Colombia has taken a number of measures in recent years to address the role of finance in achieving its sustainable development goals and clean energy ambitions. This includes measures implemented by the Colombian Banking Association, Asobancaria, to promote better management, monitoring and reporting of environmental and social risks (IFC, 2018[24]). For instance, Asobancaria developed a voluntary Green Protocol (Protocolo Verde6) in 2012, which 13 banking institutions have since adopted (UNEP, 2021[25]). Asobancaria also issued detailed guidance on applying the Protocol in its 2016 General Guidelines for the Implementation of Environmental and Social Risk (Guía General de Implementación y Administración de Riesgos Ambientales y Sociales7).

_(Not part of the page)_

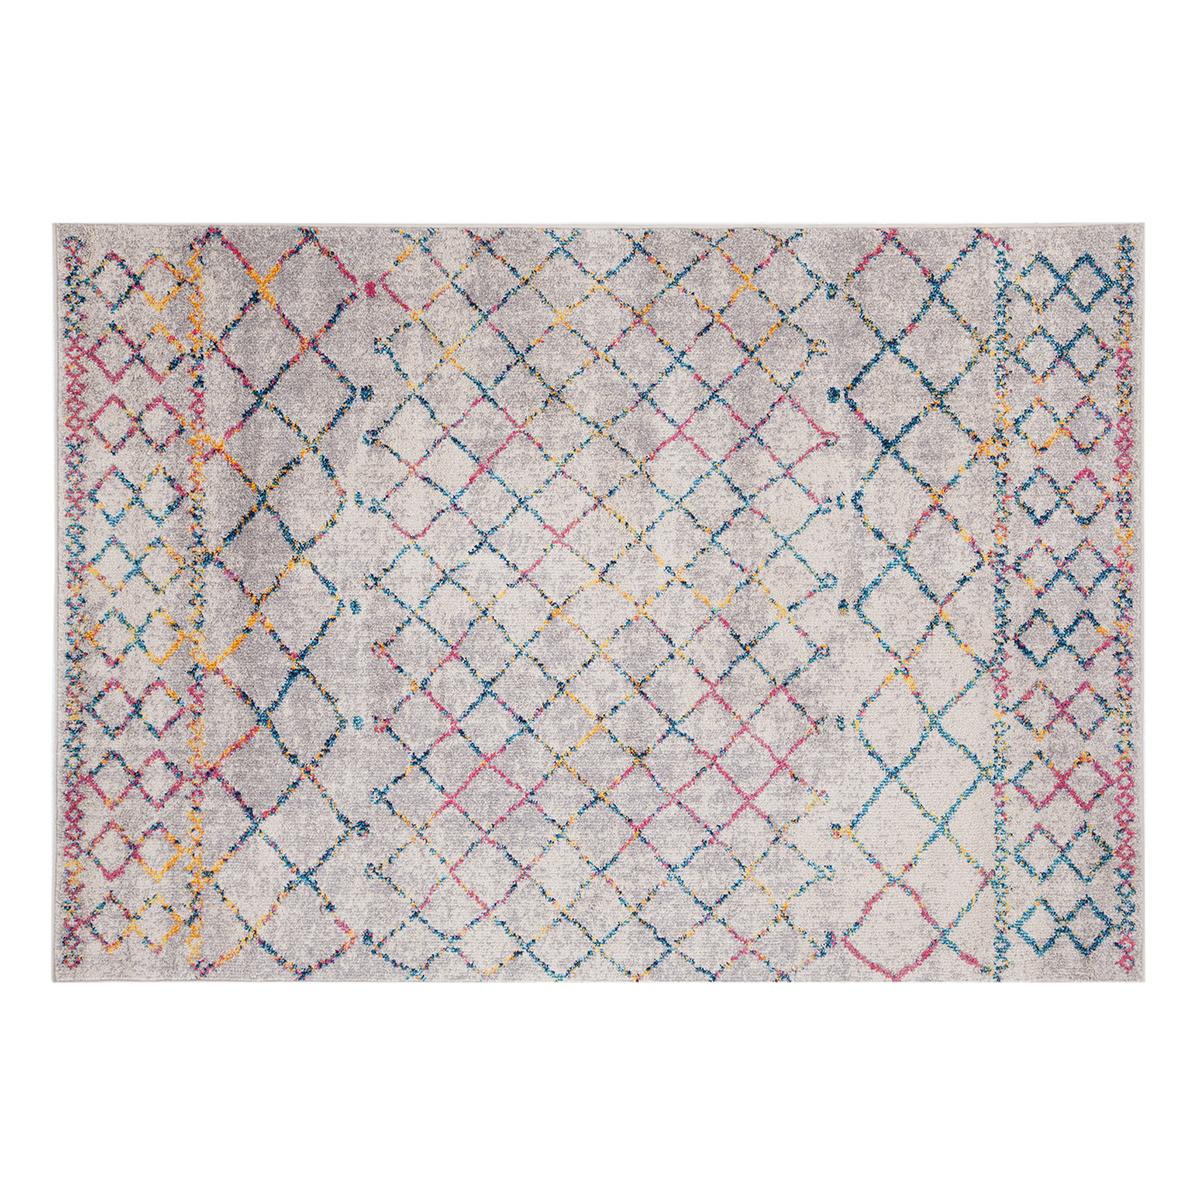 Miliboo Tapis style berbère gris et multicolore 200 x 300 cm CIELO

Other initiatives, such as the government’s National System for Climate Change (Sistema Nacional de Cambio Climático, SISCLIMA),8 have improved ministerial co-ordination and public-private dialogue on climate finance to support project pipeline development. In 2018, SISCLIMA released a roadmap9 for the development of green financial products (green bonds). This roadmap put forward actions to set the market foundations and to promote strategies for a strong green bonds market, building upon early issuances by the banks Bancolombia (2016), Davivienda and Bancóldex (2017) (IFC, 2018[24]). In addition, the Superintendence of Finance (Superintendencia Financiera) is currently developing a green taxonomy to support financial actors and stakeholders across the public and private sectors. The taxonomy will incorporate a set of clear definitions to support the identification and evaluation of investments that can be considered as green or environmentally sustainable. A first series of documents under Phase 1 of the taxonomy development were released for public consultation10 in September 2021.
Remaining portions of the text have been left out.